I think the Tayda enclosures provide good value.


----------



## Barry (Sep 15, 2020)

These were all Tayda boxes, and once you do your graphic and a couple coats of Clear Coat they are pretty durable






						New batch
					

Now to find time to populate some boards



					forum.pedalpcb.com


----------



## Ratimus (Sep 15, 2020)

I've been playing around with buffing bare aluminum lately, so if you ever want to get into that, here's a tip:

You'll get a better finish sanding a painted enclosure down to the aluminum than you will trying to polish a bare aluminum one, and it will take less time. Counter intuitive, until you realize they prep them before painting.


----------



## Nostradoomus (Sep 15, 2020)

That’s why I bought an orbital sander


----------



## daeg (Sep 15, 2020)

I've gotten a couple batches of bare aluminum from them that were a little misshapen. A little ridge or mesa on the face that caused my decals to look weird.
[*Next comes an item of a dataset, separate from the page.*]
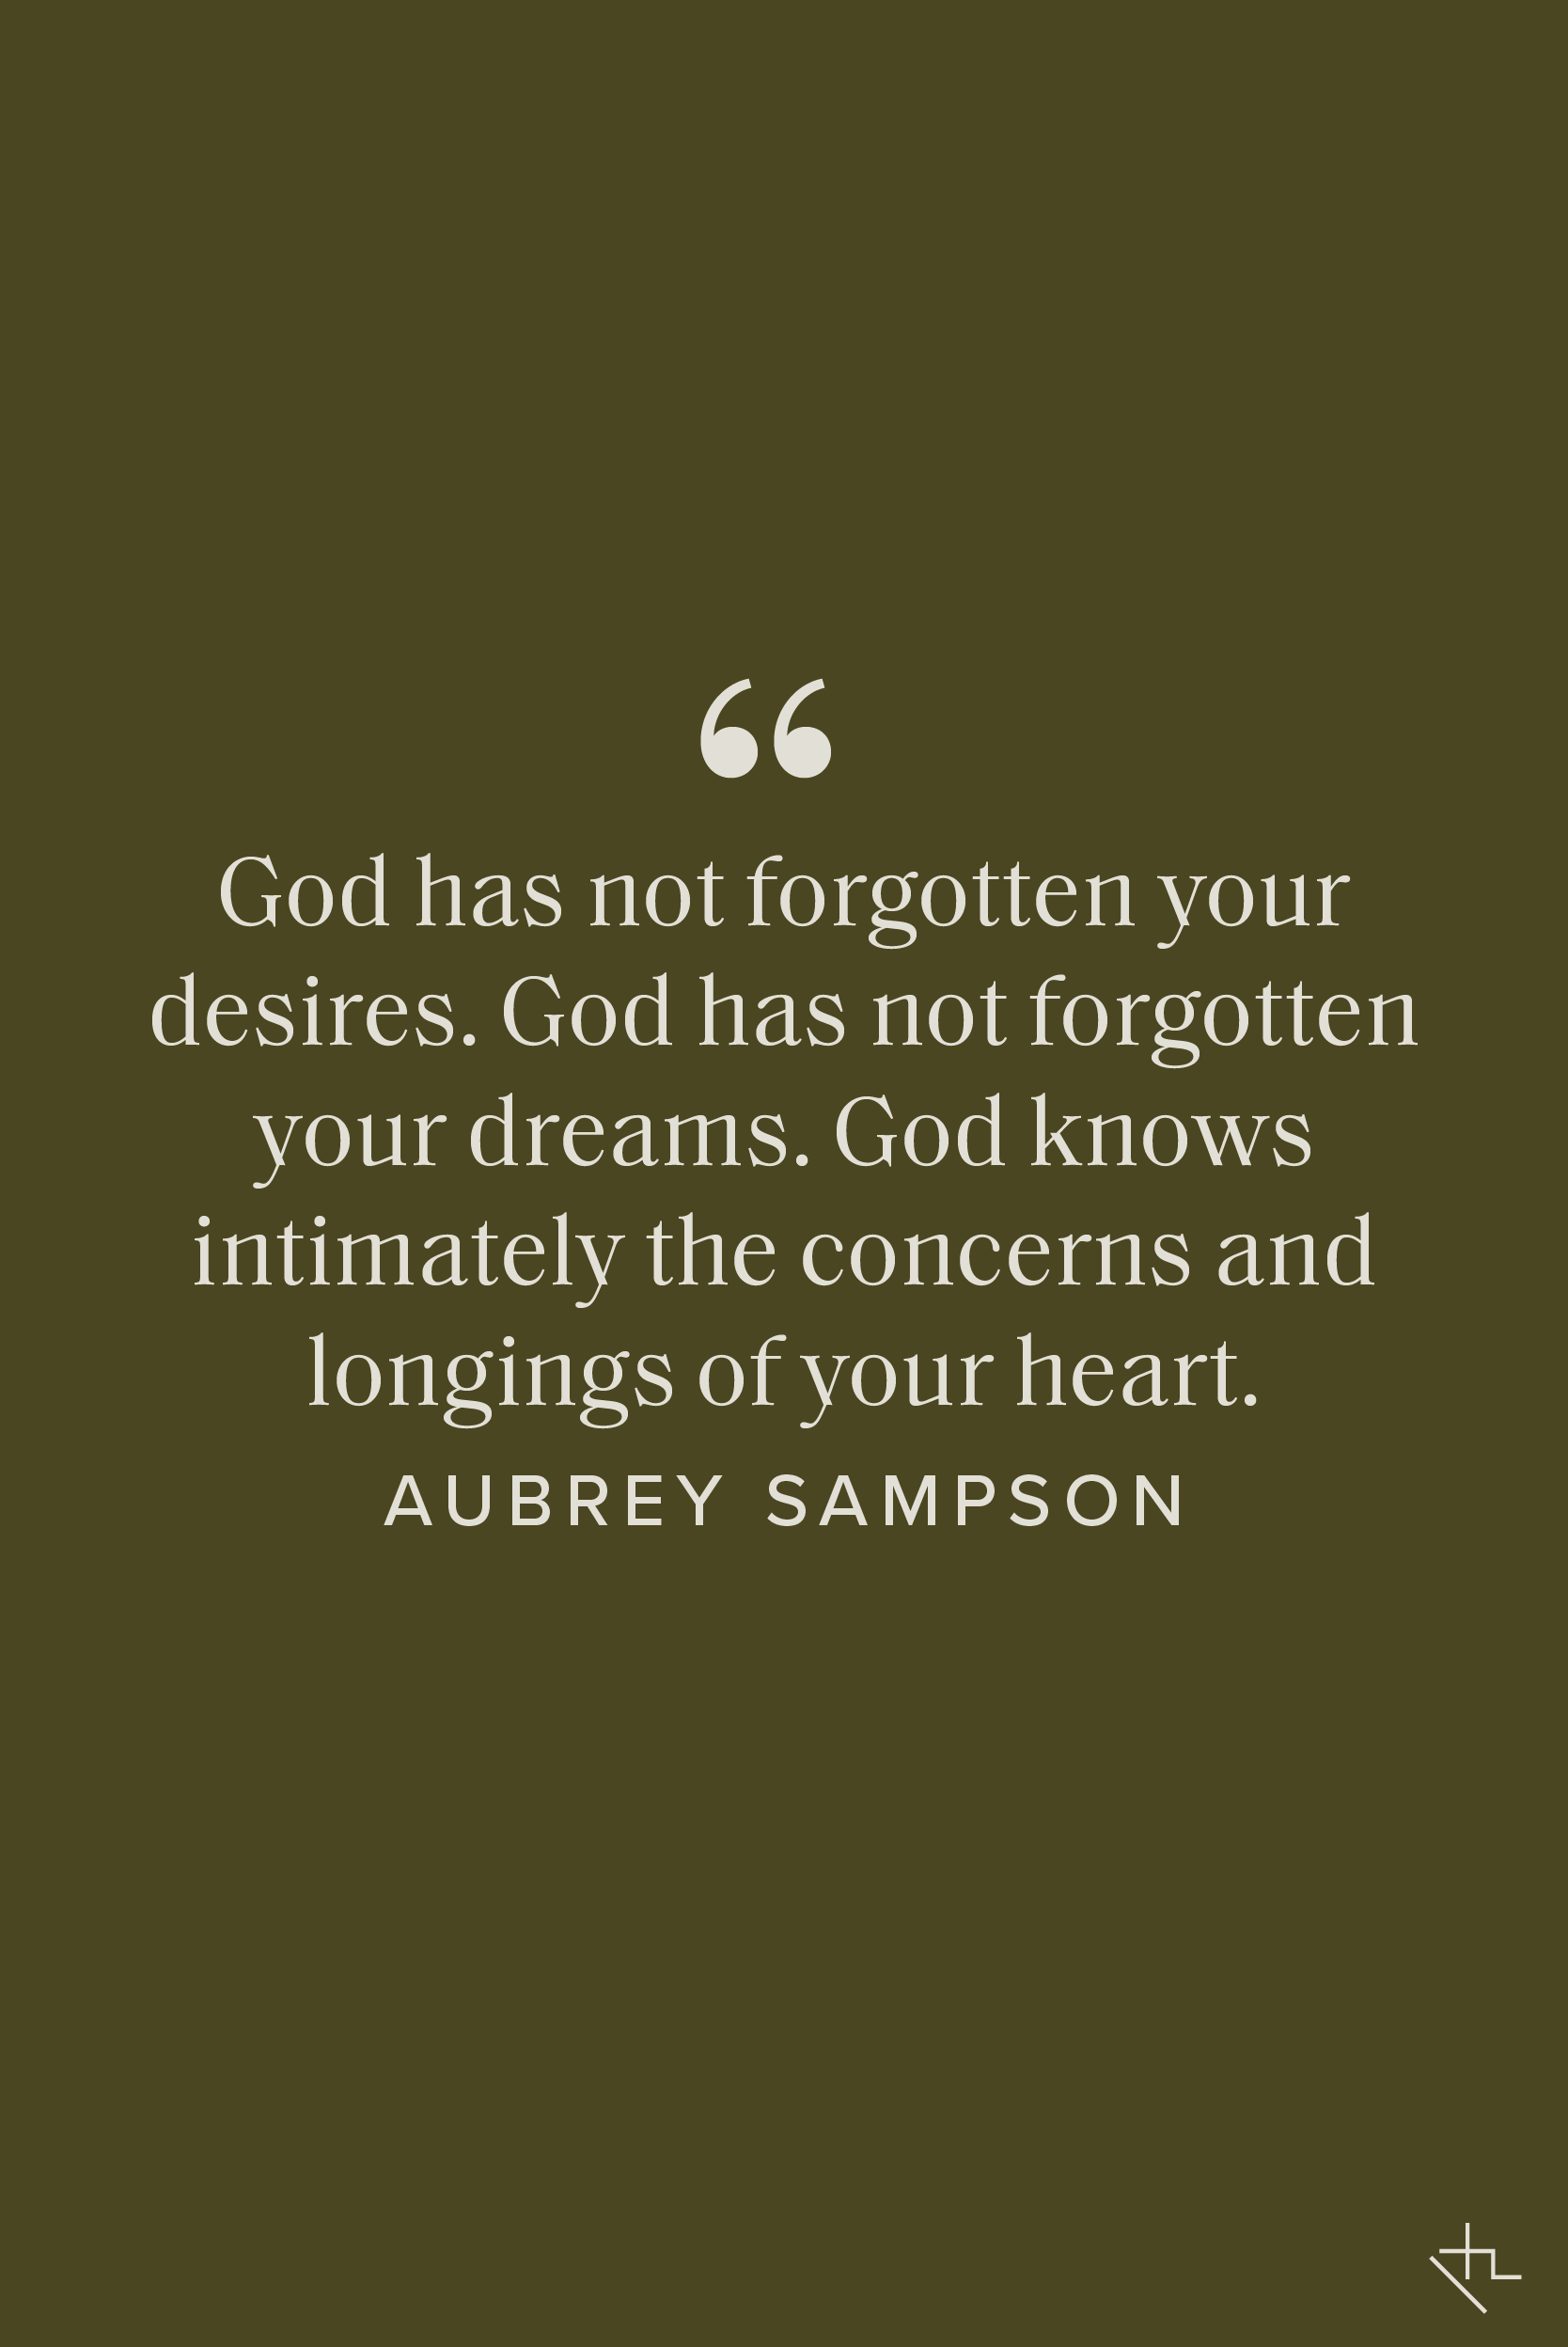 Aubrey Sampson - Pinterest Image

I didn't complain, used them anyway and continue to buy from them.


----------



## HamishR (Sep 15, 2020)

I like the Hammond boxes more but use the Tayda boxes because they're so much cheaper! The main difference is in the alloy. I find the Tayda boxes gall my drills more easily than the Hammonds. Not a biggie. Just have a screwdriver or something handy to clear the swarf from the bit. The finishing on the Hammonds is marginally better but again, it's not enough to justify double the price for me.


----------



## Chuck D. Bones (Sep 15, 2020)

HamishR said:


> I find the Tayda boxes gall my drills more easily than the Hammonds. Not a biggie. Just have a screwdriver or something handy to clear the swarf from the bit.
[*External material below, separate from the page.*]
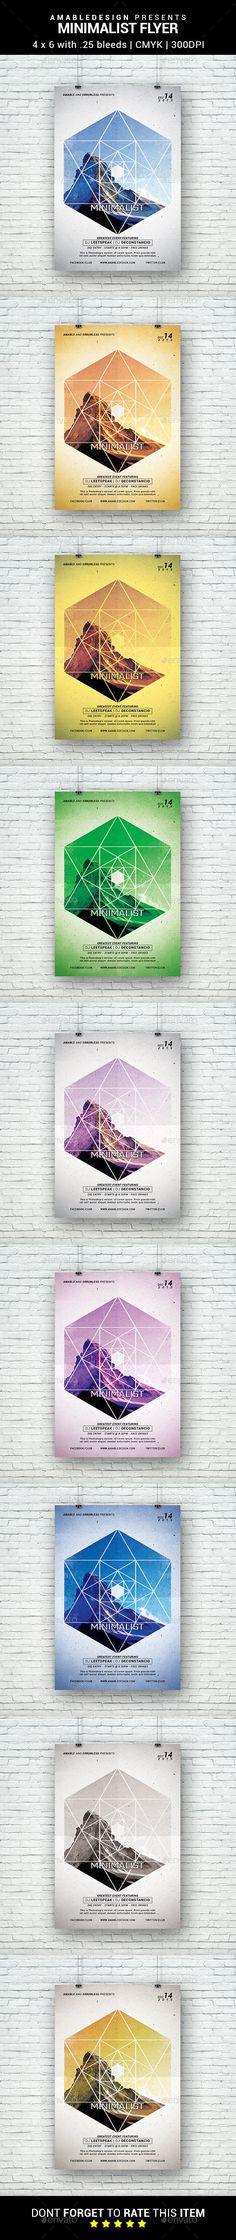 Contemporary Flyer Template 105852 Brochures Pinterest Flyer - contemporary flyer

I used stepped drill bits from Harbor Freight and have not had a problem with galling.  Maybe cheap cases need cheap tools to machine them? ?


----------



## Danbieranowski (Sep 15, 2020)

I'm pretty happy with all of the enclosures I've purchased from Tayda. If I want something nice I go with Gorva, but the majority of what I use is Tayda. You can see how those enclosures look in any of my build reports through my profile.


----------



## Barry (Sep 15, 2020)

When I buy Tayda boxes I usually spring for the big bucks and get them predrilled for the project at hand, or something close that can be adjusted with a hole or three!


----------



## Danbieranowski (Sep 16, 2020)

Barry said:


> When I buy Tayda boxes I usually spring for the big bucks and get them predrilled for the project at hand, or something close that can be adjusted with a hole or three!
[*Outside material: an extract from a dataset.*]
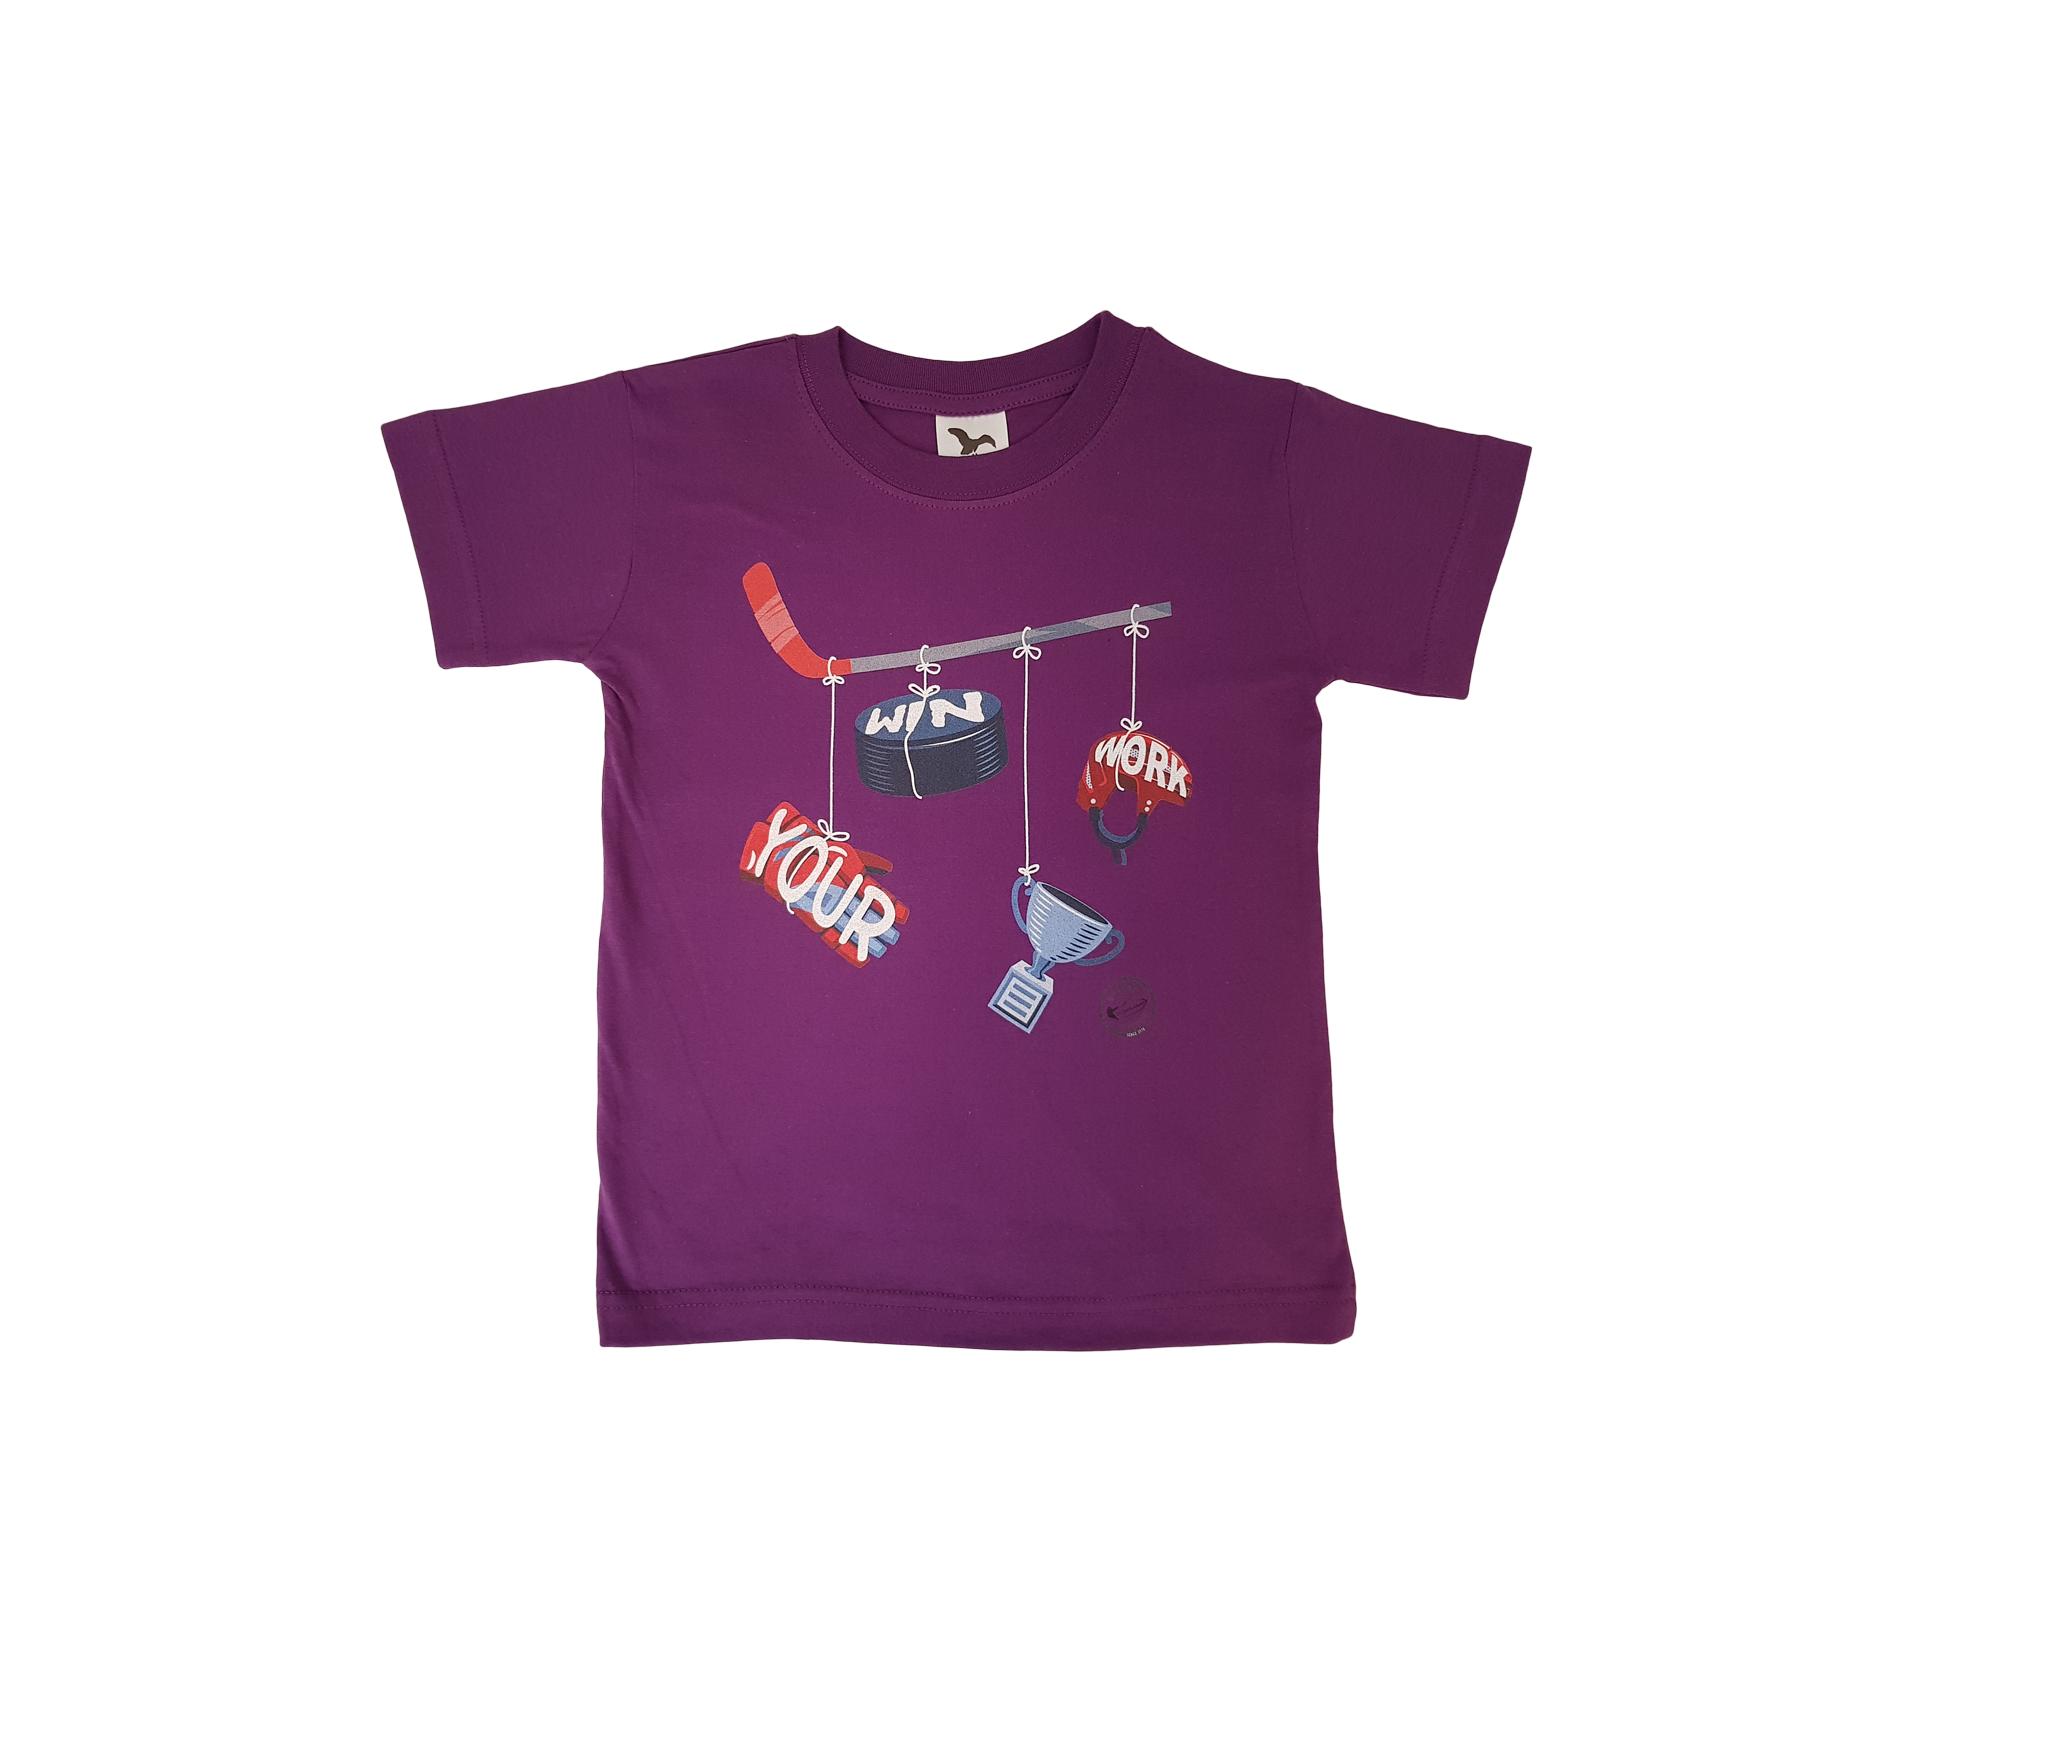 HOKEJAM.LV Your Win Work Youth T-Shirt

I love those pre-drilled options they have for PedalPCB projects. They have saved me a ton of time.


----------



## manfesto (Sep 16, 2020)

I actually think the finish of Tayda’s enclosures is tougher and more consistent than anything I’ve ever gotten from LMS, SmallBear, or GuitarPedalParts (with the exception of Gorva enclosures). I’ve gotten one or two Tayda enclosures that were dinged (possibly in shipping), but LMS’s enclosures never seem to have as even a clearcoat as Tayda’s, and SmallBear’s show scratches more readily.

Honestly, I think Tayda’s enclosures are the best looking and lasting I’ve ever used behind what Mammoth used to do (RIP).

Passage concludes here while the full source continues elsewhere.